My direct descendants are in bold type. This is a work in progress. Much of my direct line is documented, but some may not be. If there is a question, I usually include words like “seems likely” or “possibly” in hopes that it may help someone else or eventually get me closer to documentation. Also, I do make errors when transferring info to my files or to the site. If you find errors that you can correct, please e-mail me and I'll gladly make the changes or if you have more information on anyone mentioned here and can share it, I would be really appreciative.

Oliver Fowler
My 3rd Great-grandfather, 1826-1859

Oliver Fowler was born in 1826 in Alabama. I am unsure of the identity of his parents but a number of Fowlers settled early in the area of McNairy County, Tennessee. In 1920, James Haynes of McNairy County listed Joe Fowler, Lige Fowler and William Fowler among the “names of great men you have known or met in his lifetime” in his Civil War pension application. Perhaps they were some relation to Oliver. As you’ll see below, there is a connection between Oliver and Reddin Fowler who is likely a son of William Fowler, also born in Alabama.

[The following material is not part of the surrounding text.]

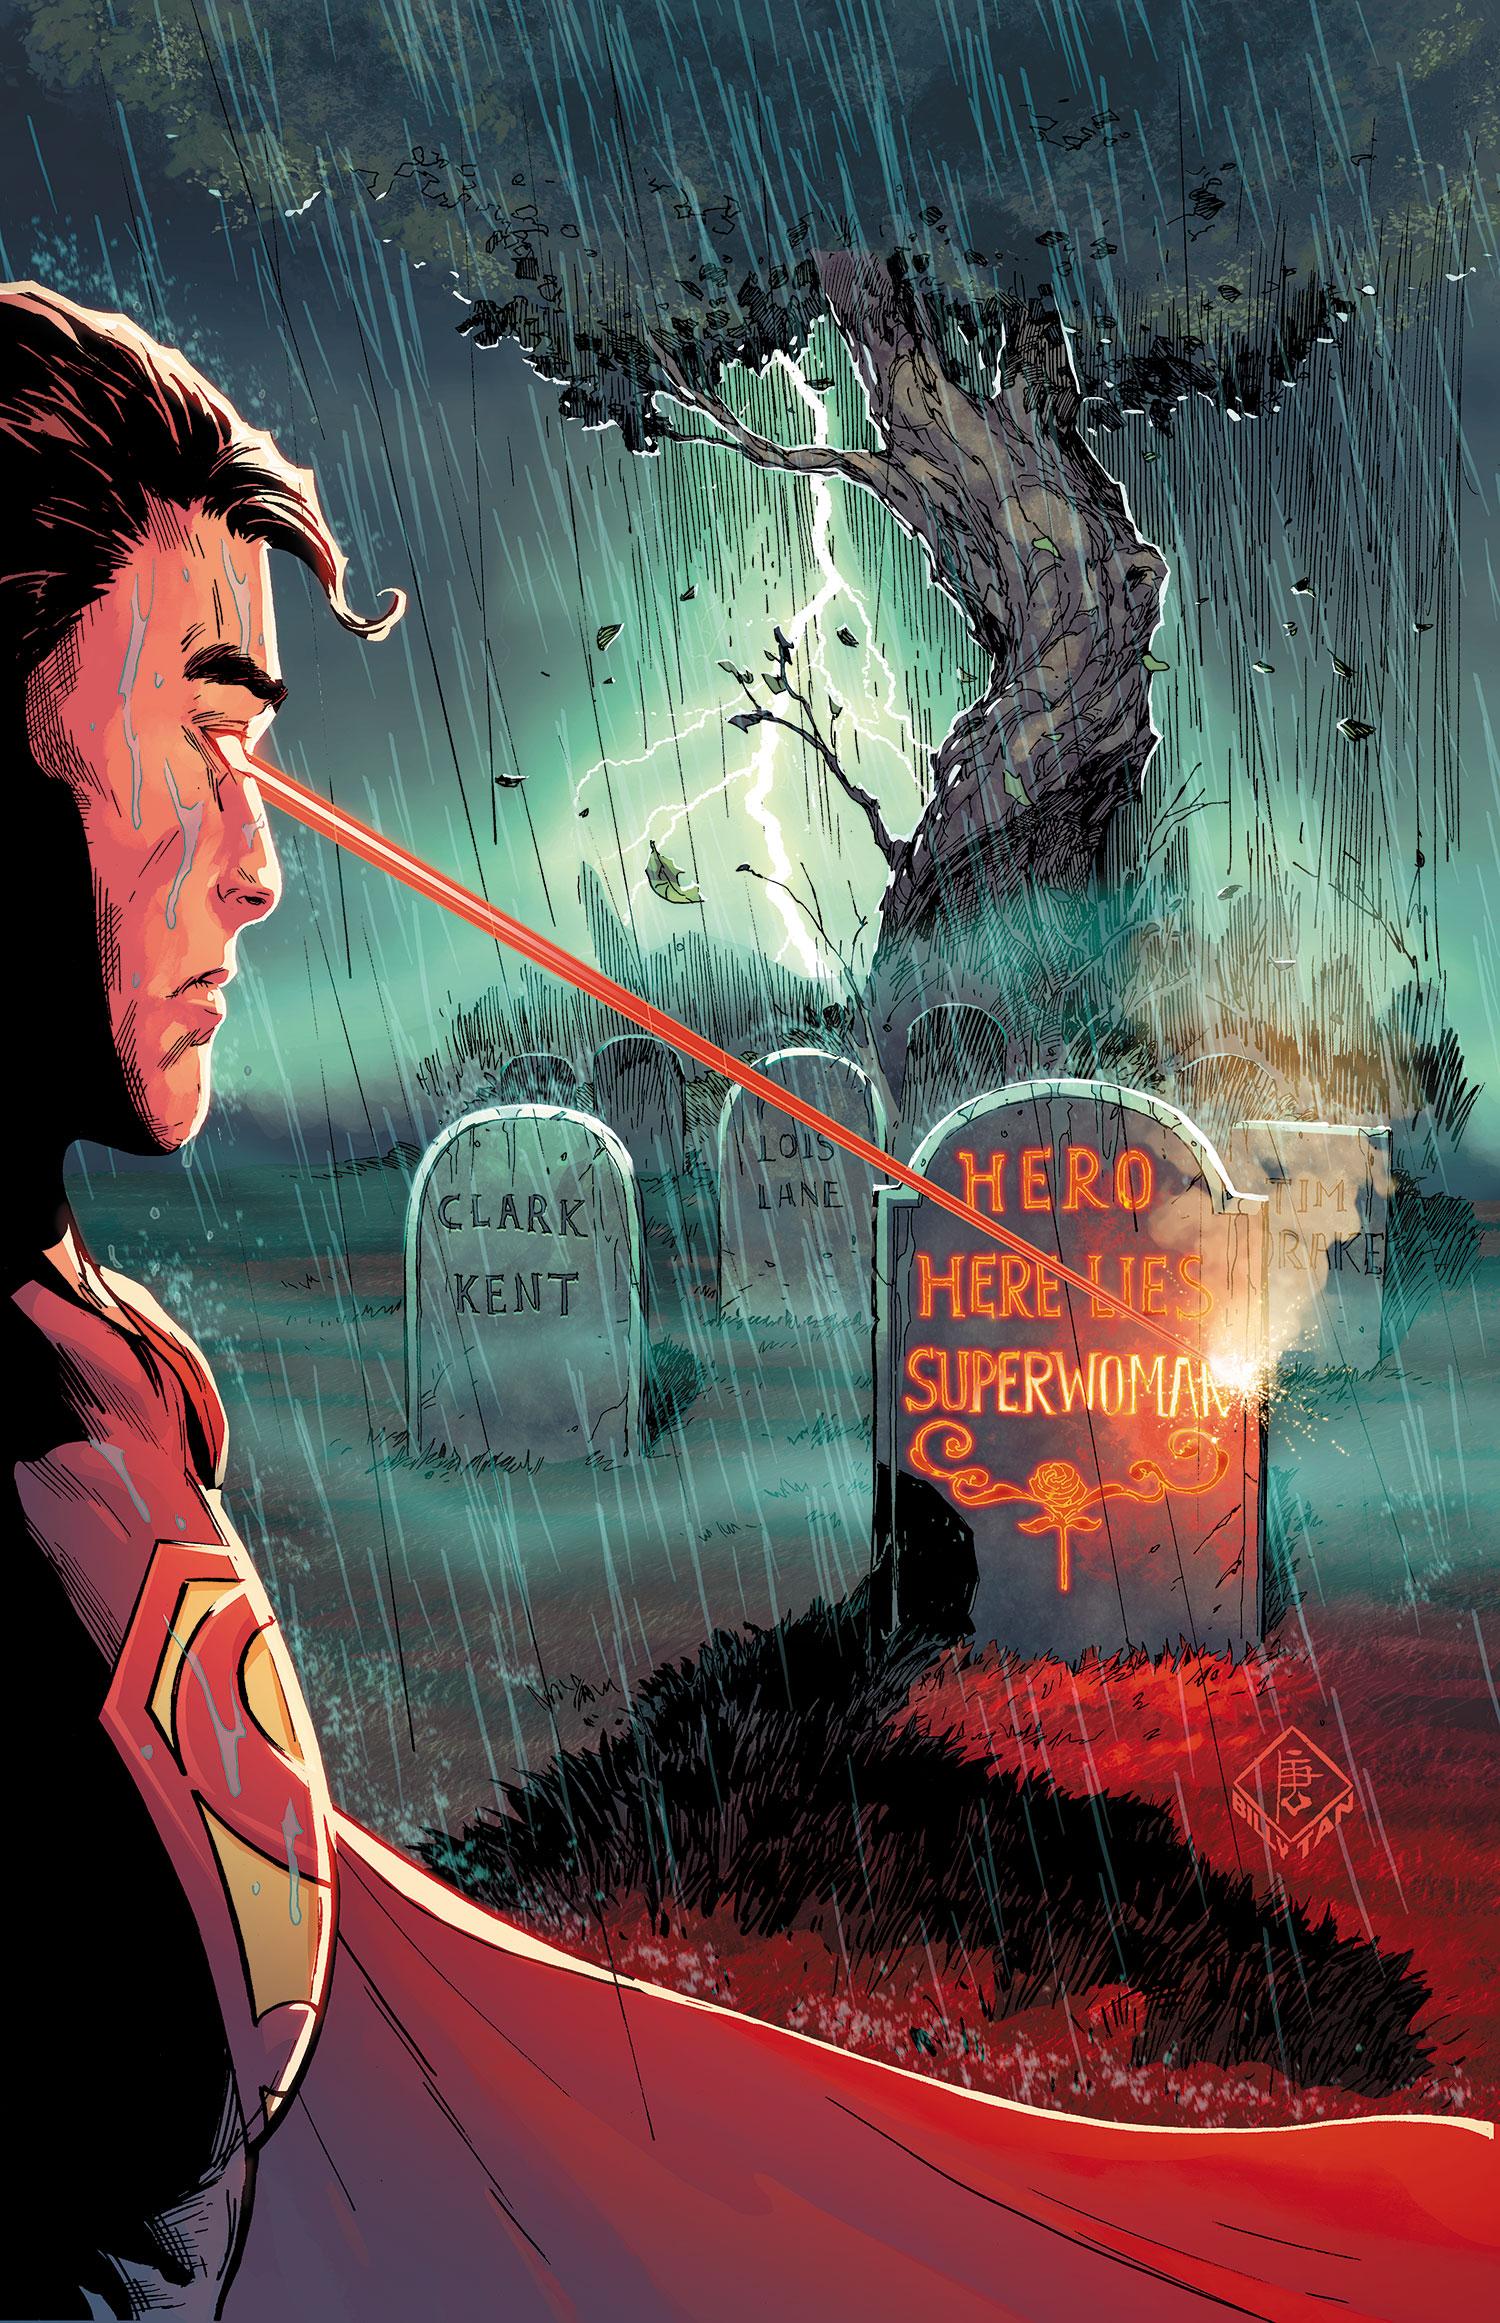 Superwoman Vol 1 9 Textless.jpg

Oliver married Annie Plunk in 1848 at the age of 22 in McNairy County.

Annie Plunk Fowler

Annie Plunk was born in Tennessee in 1829. user “paulsan11” figured out Annie’s maiden name from the death certificate of Mary L. Robison, her daughter with her second husband, Calloway Robinson. Mary Louise was buried in Haywood County’s Holly Grove Baptist Church Cemetery, where many of my family members are buried.

The identity of Annie Plunk’s parents is not confirmed, but there are many connections between the Fowler, Patterson and Plunk families in McNairy County. In the early census records, people were counted by age, sex and race, but not by name, so Paulsan11 searched all the Plunk families in McNairy County with unnamed females in the right age range.

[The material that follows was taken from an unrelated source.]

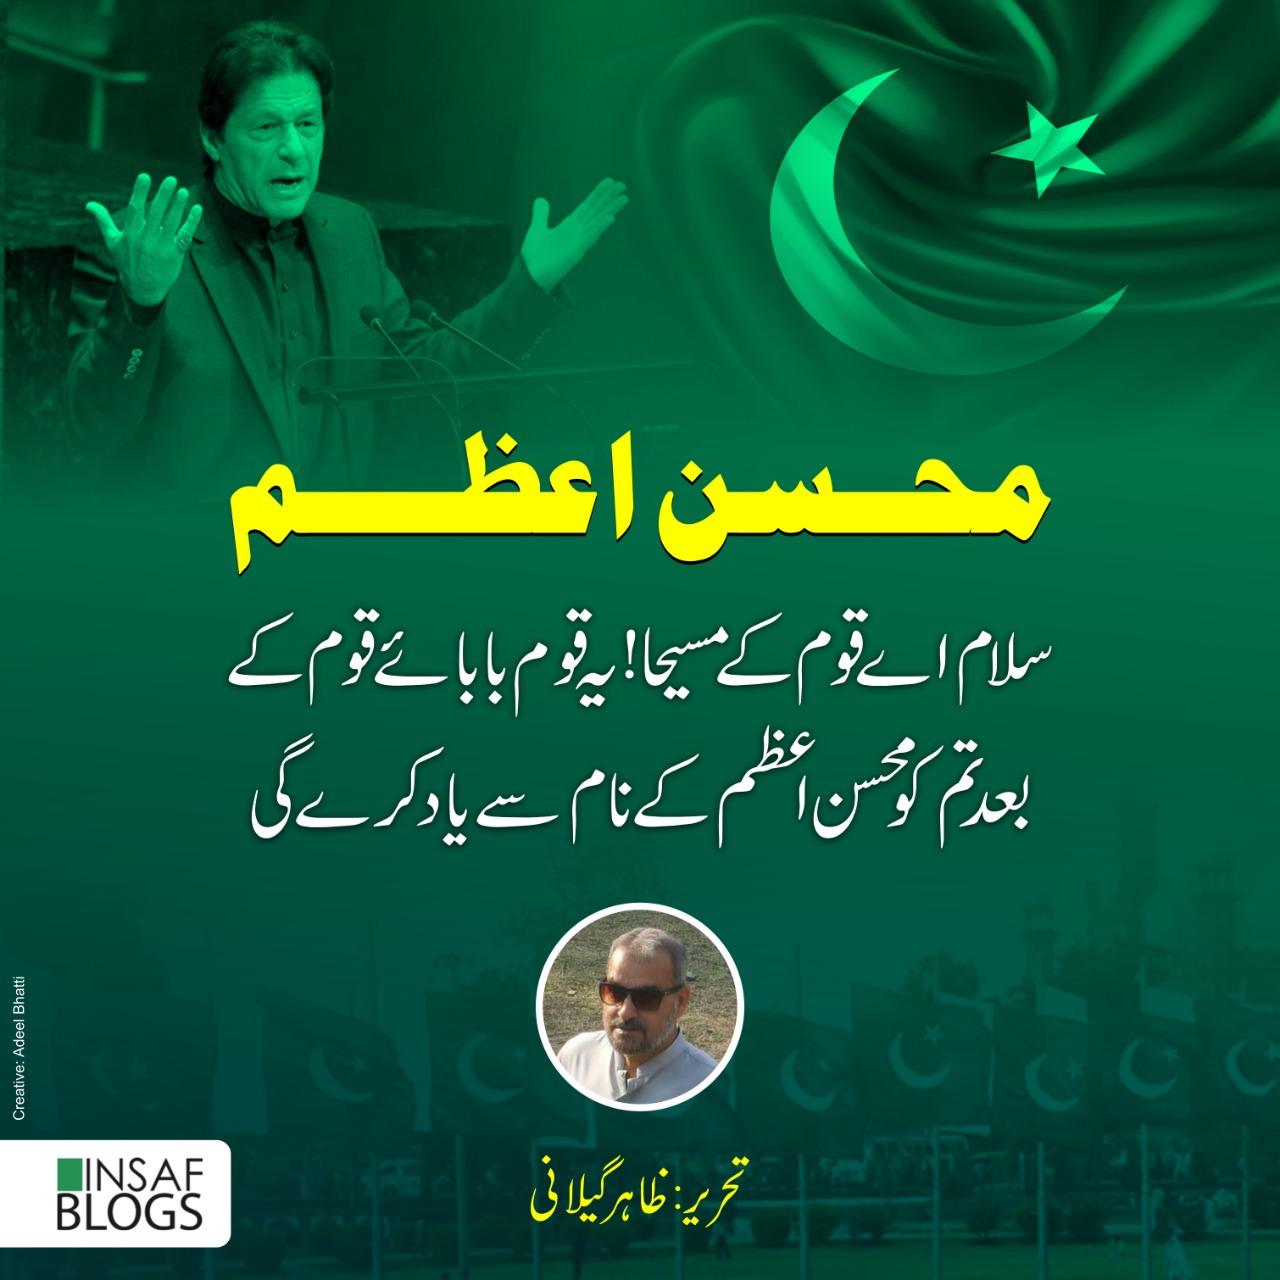 Salam Mohsin E Azam - Insaf Blog

John Plunk Sr. (1800 in Lincoln County, North Carolina to 1882 in McNairy County) and his wife Mary Elizabeth Lowrance Plunk (1797 in Lincoln County to 1887 in McNairy County) have an unnamed female in the 1830 census that could be Annie, while his brother Joseph A. Plunk (1809 in Lincoln County to 1895 in McNairy County) and his wife, Nancy “Milly” Haley (1813 in North Carolina to 1885 in McNairy County) also have a daughter in that age range.

While it could be either of them, it’s more logical that Annie was a daughter of their brother George Washington Plunk (1799 in Lincoln County to before 1880 in McNairy County) and his wife Frances “Fannie” Jarman Plunk (1880 in North Carolina to after 1880 in McNairy County) who have two unnamed females who could be her.  They also have additional connections to Annie Plunk through two of their daughters: Nancy and Sallie.

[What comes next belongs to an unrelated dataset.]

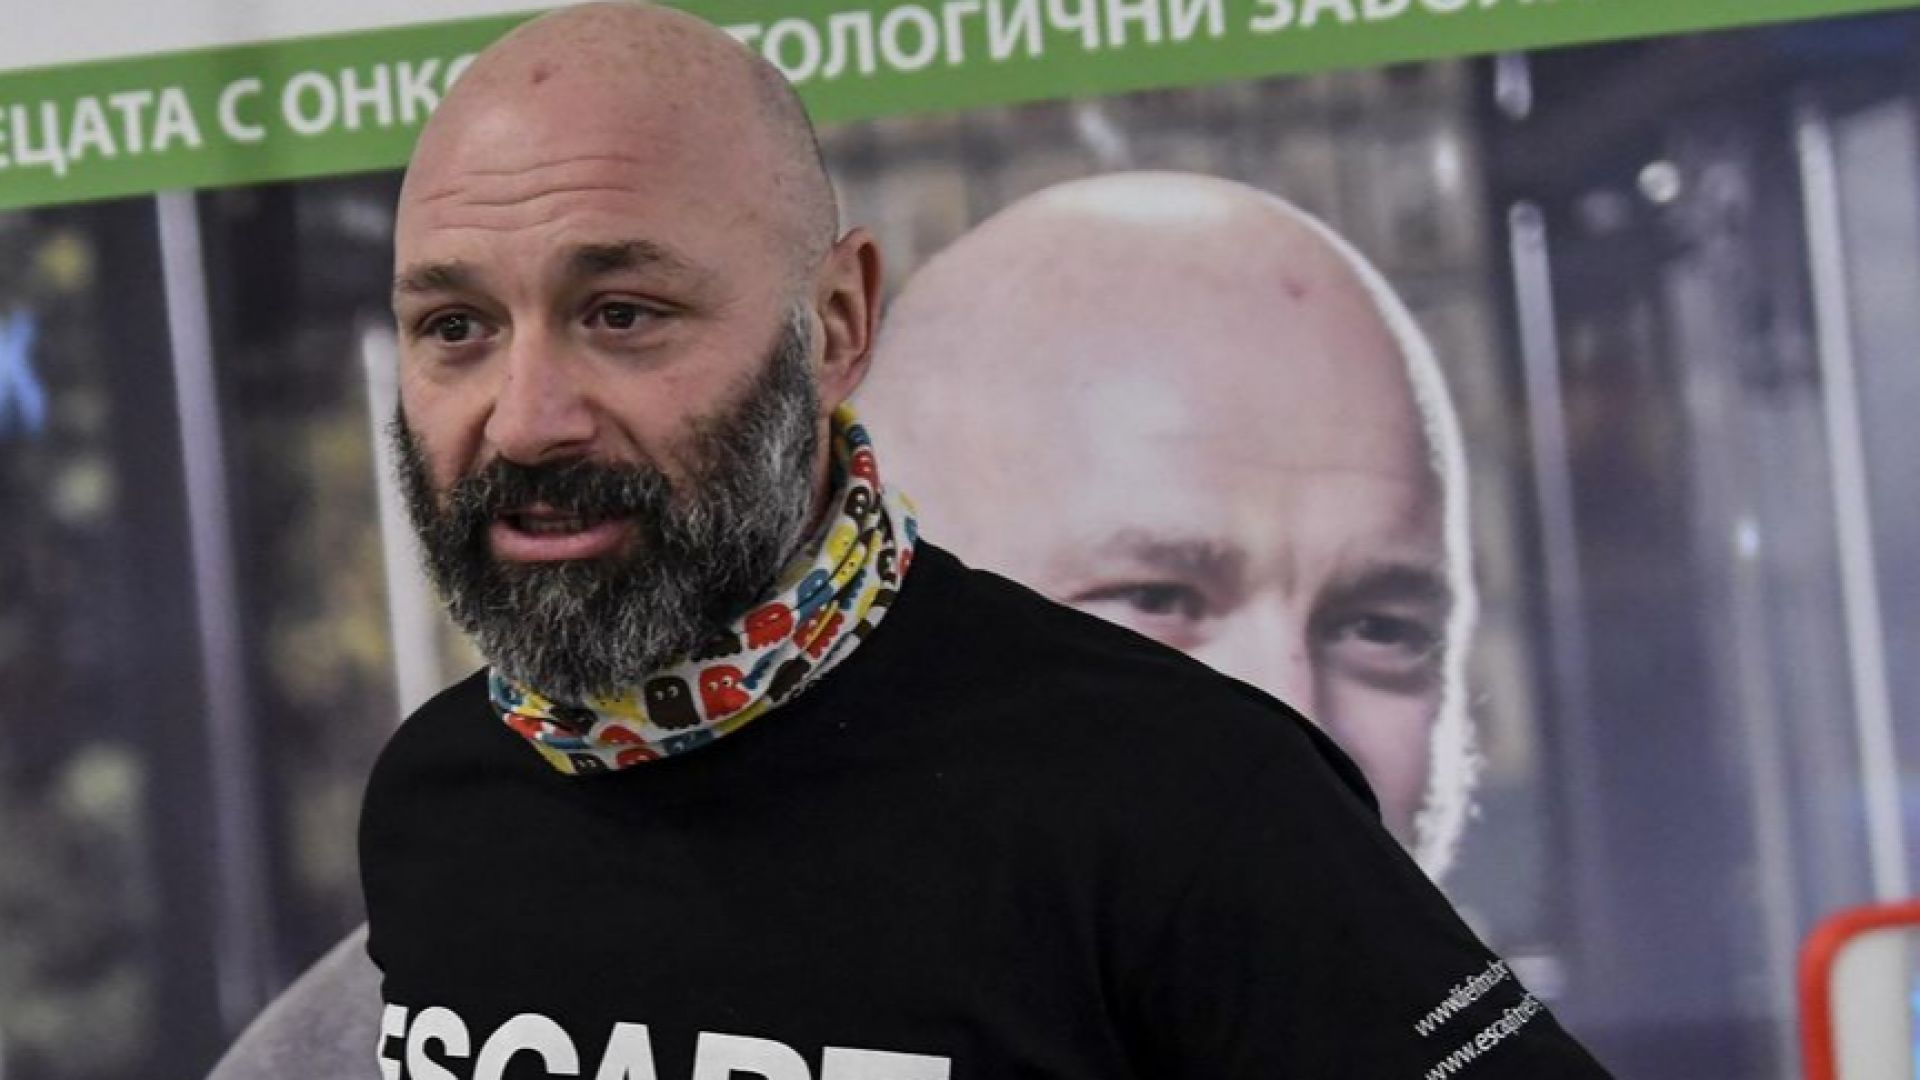 Ултрамаратонецът Красимир Георгиев ще тича без прекъсване 55 часа на

George Washington Plunk and Frances “Fannie” Jarman Plunk


Remember, my third great-grandmother, Annie Plunk, married my third great-grandfather, Oliver Fowler, in 1848.

Nancy Plunk (1847 in McNairy County to 1925 in McNairy County) was the youngest daughter of George Washington and Fannie Plunk. In 1880, Nancy married Reddin J. Fowler (1831 in Tennessee to 1900 in McNairy County). At the time, Reddin was a widower of Charity Patterson (1829 in North Carolina to 1870 in McNairy County). Charity was sister of my third great-grandfather James Patterson.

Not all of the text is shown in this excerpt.